Не дожидаясь, когда меня коснутся мёртвые пальцы, я развернулась и бросилась назад, к выходу из зала. Призраки, всё ещё будто полусонные, двигались медленно, вяло, ведомые пока ещё смутным чувством пробуждающегося голода, тянулись следом – медленно, но целеустремлённо.
Серый конь находился там, где я его оставила. Не стремясь выходить наружу под проливной дождь, ни спускаться глубже в пугающую темноту зала, он с философским смирением топтался на месте. Увидев меня, мчащуюся сломя голову, и полупрозрачные стенающие силуэты за моей спиной, он попятился назад и прижал уши.
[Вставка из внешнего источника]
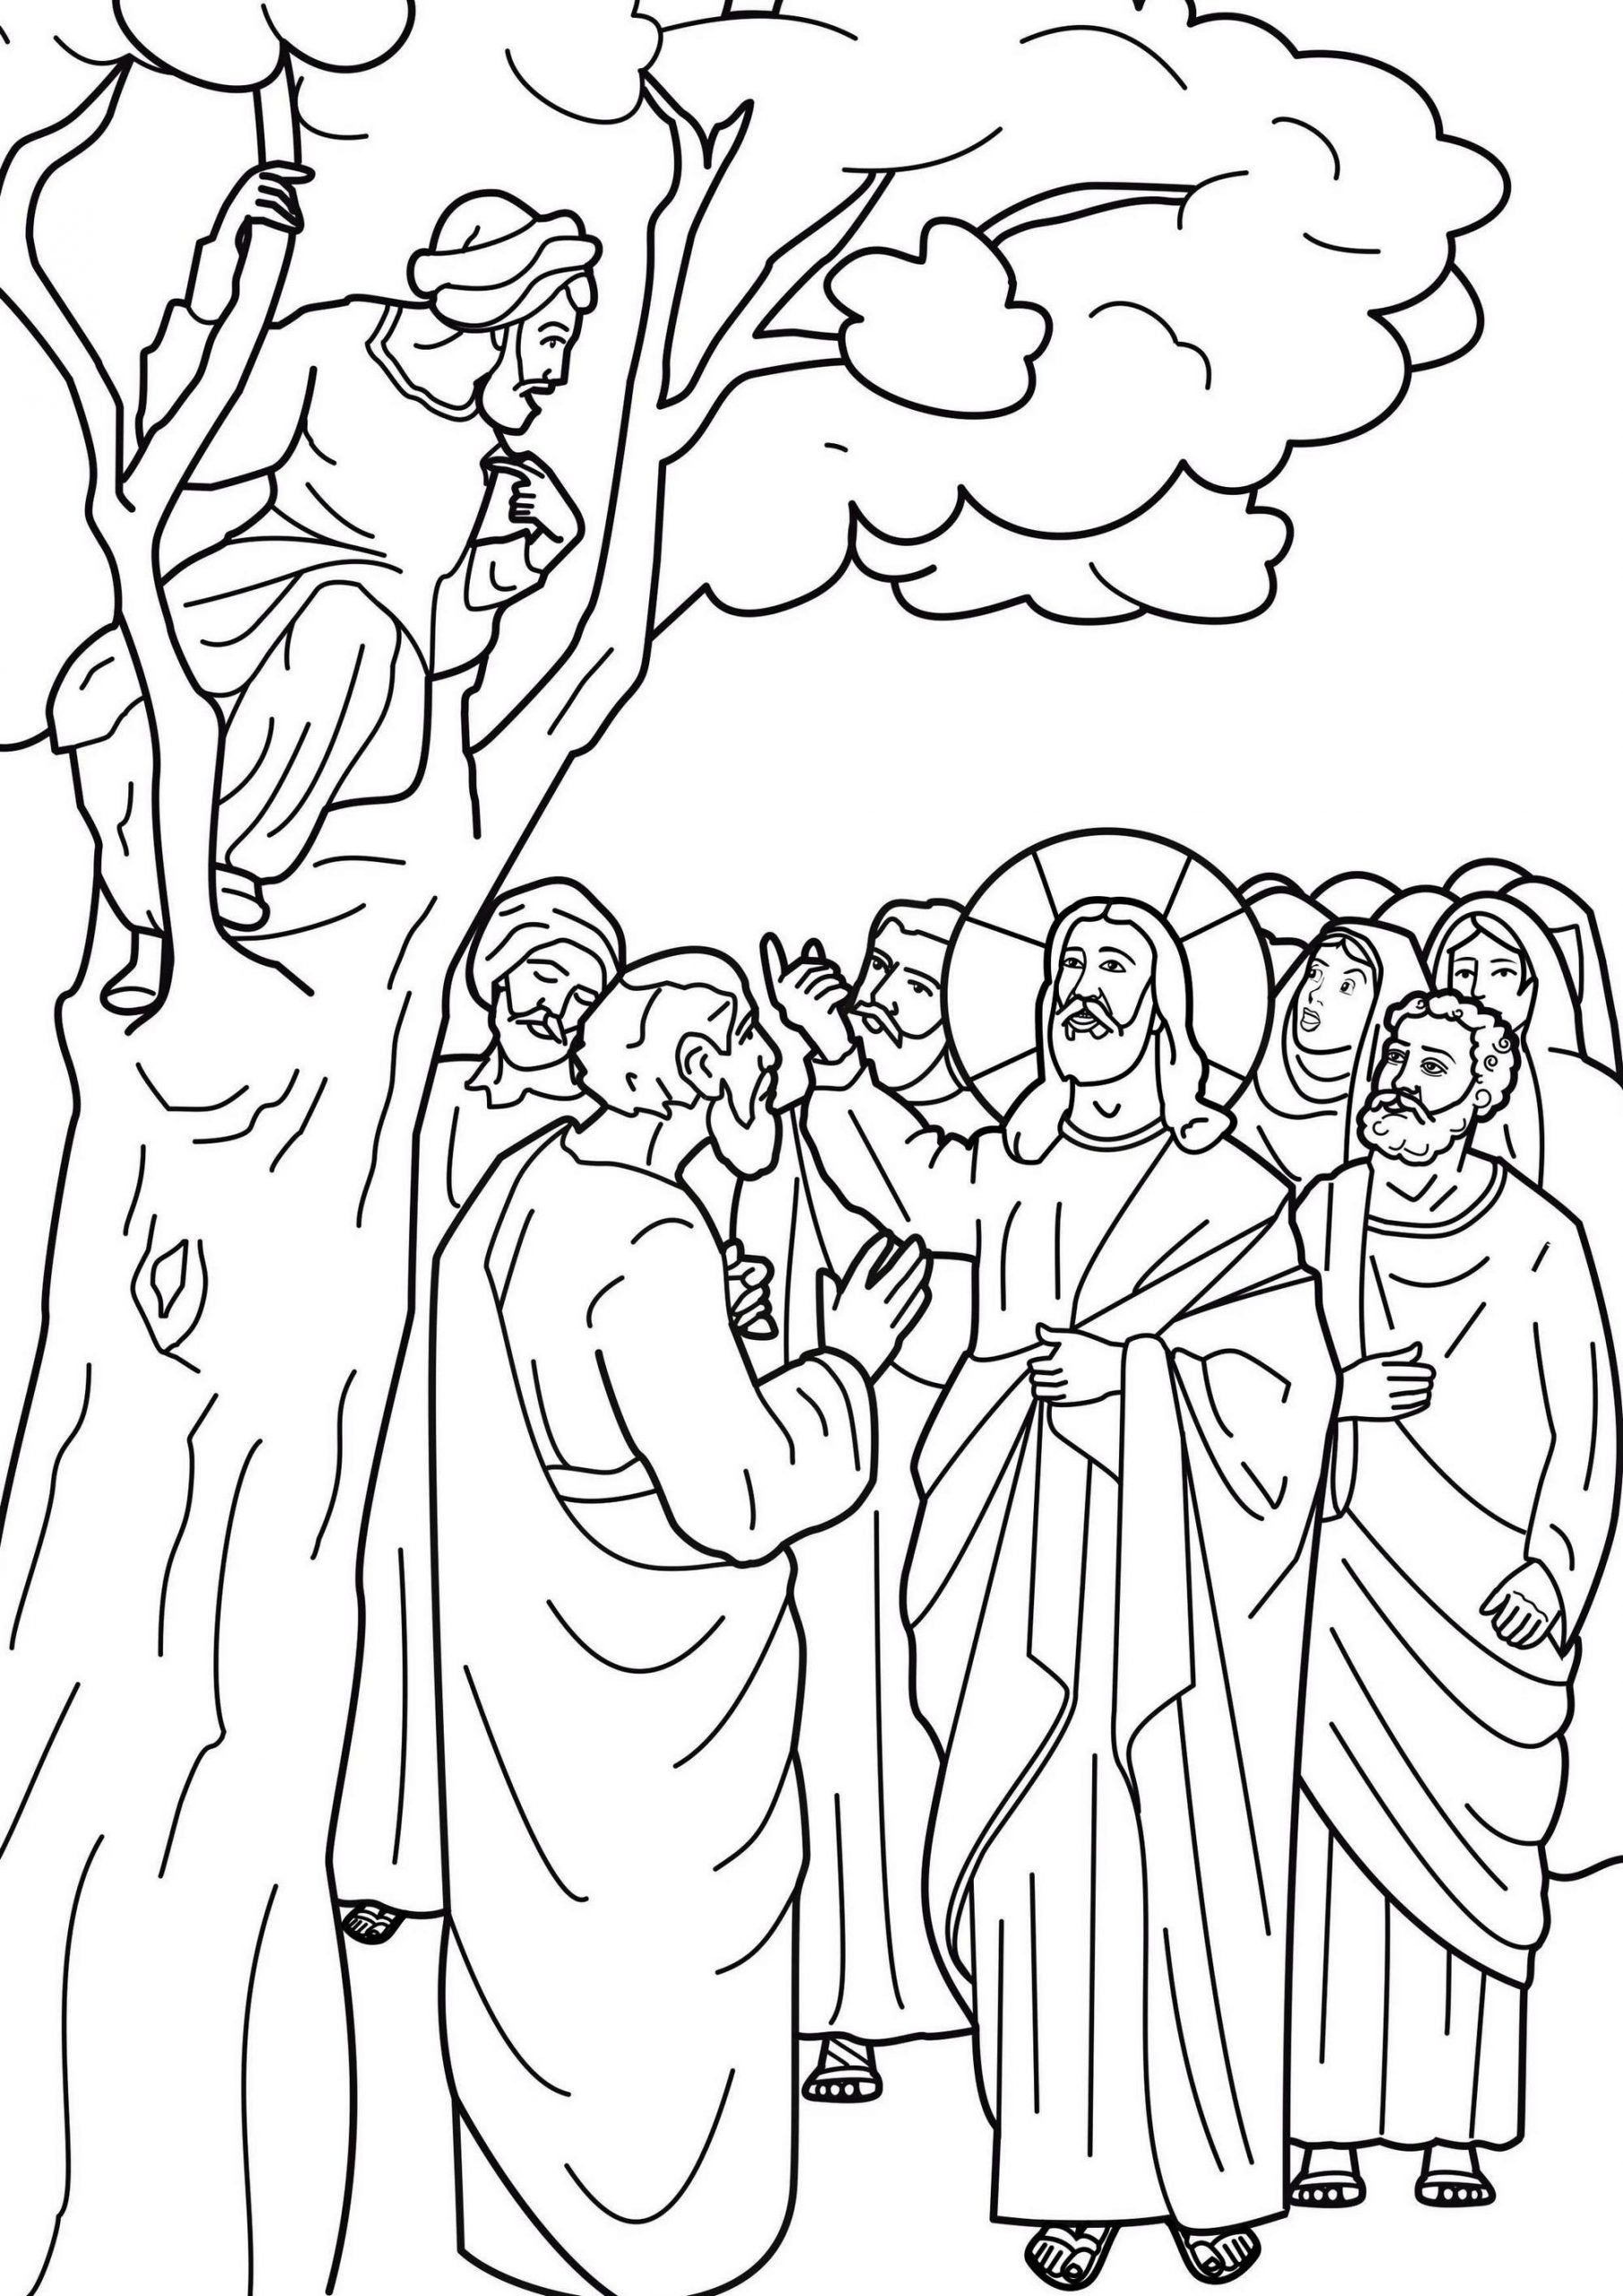 Zacchaeus Coloring Pages For Preschoolers Zacchaeus Coloring Page At Getdrawings Love Coloring Pages Zacchaeus Bible Coloring Pages
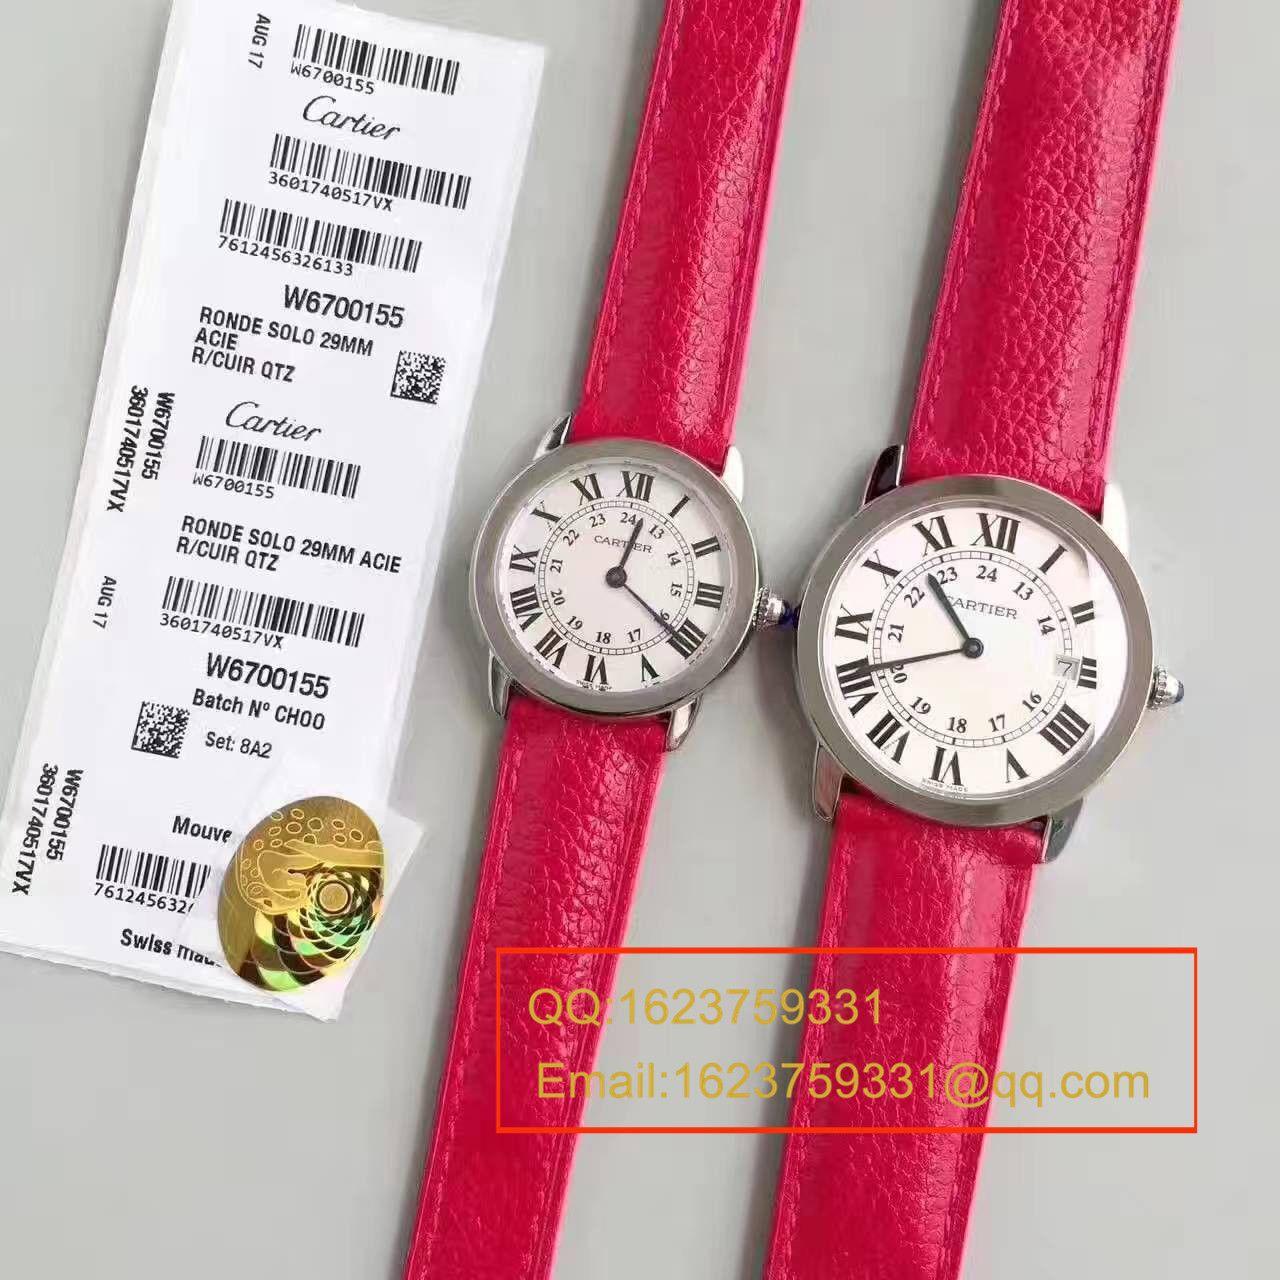 【K11厂正品开模顶级复刻手表】卡地亚RONDE DE CARTIER伦敦SOLO系列W6700155、W6700255女士石英腕表 / KAD078

– Пошёл! – гаркнула я, хлопнула его по заду, и конь, встав на дыбы, сообразительно рванул наружу.
Я выбиралась, спотыкаясь, скользя, раздирая о камни ладони. Потоки дождевой воды размывали землю, превращая её под моими ногами в хлюпающее месиво.
За время, что я находилась возле Врат, дождь, казалось, стал только сильнее. Я пробежала от входа пару метров, прежде чем остановиться, а затем, не давая себе отдышаться, развернулась навстречу приближающейся волне призраков.
Я не пыталась их уничтожить. Это было бы слишком даже для меня. Каждый из них когда‑то был Привратником, делил со мной еду и сражался плечом к плечу. Погребальные костры некоторых я поджигала сама, и духи некоторых сама же отправляла за Врата. Я не имела ни малейшего понятия, что произошло, что свело их с ума, что превратило их в алчущих крови тупых тварей, но уничтожить я их не смела. Единственное, что я могла здесь и сейчас, – это запереть их, укрыть от мира, попытаться успокоить.
Под проливным дождём, чувствуя знобящий холод и липнущую к телу мокрую одежду, я золотыми линиями чертила перед собой символ, что когда‑то венчал Врата. Золотые линии, повинуясь моим рукам, сплетались, с каждым движением сияя всё ярче, набирая объём и силу. Помня о произошедшем в деревне, я не рисковала усложнять плетение и питала символ чистым, незамутнённым потоком энергии. А затем, завершив его и позволив себе выдохнуть, я мягко толкнула его от себя – и он поплыл, великолепный и величественный, навстречу призракам.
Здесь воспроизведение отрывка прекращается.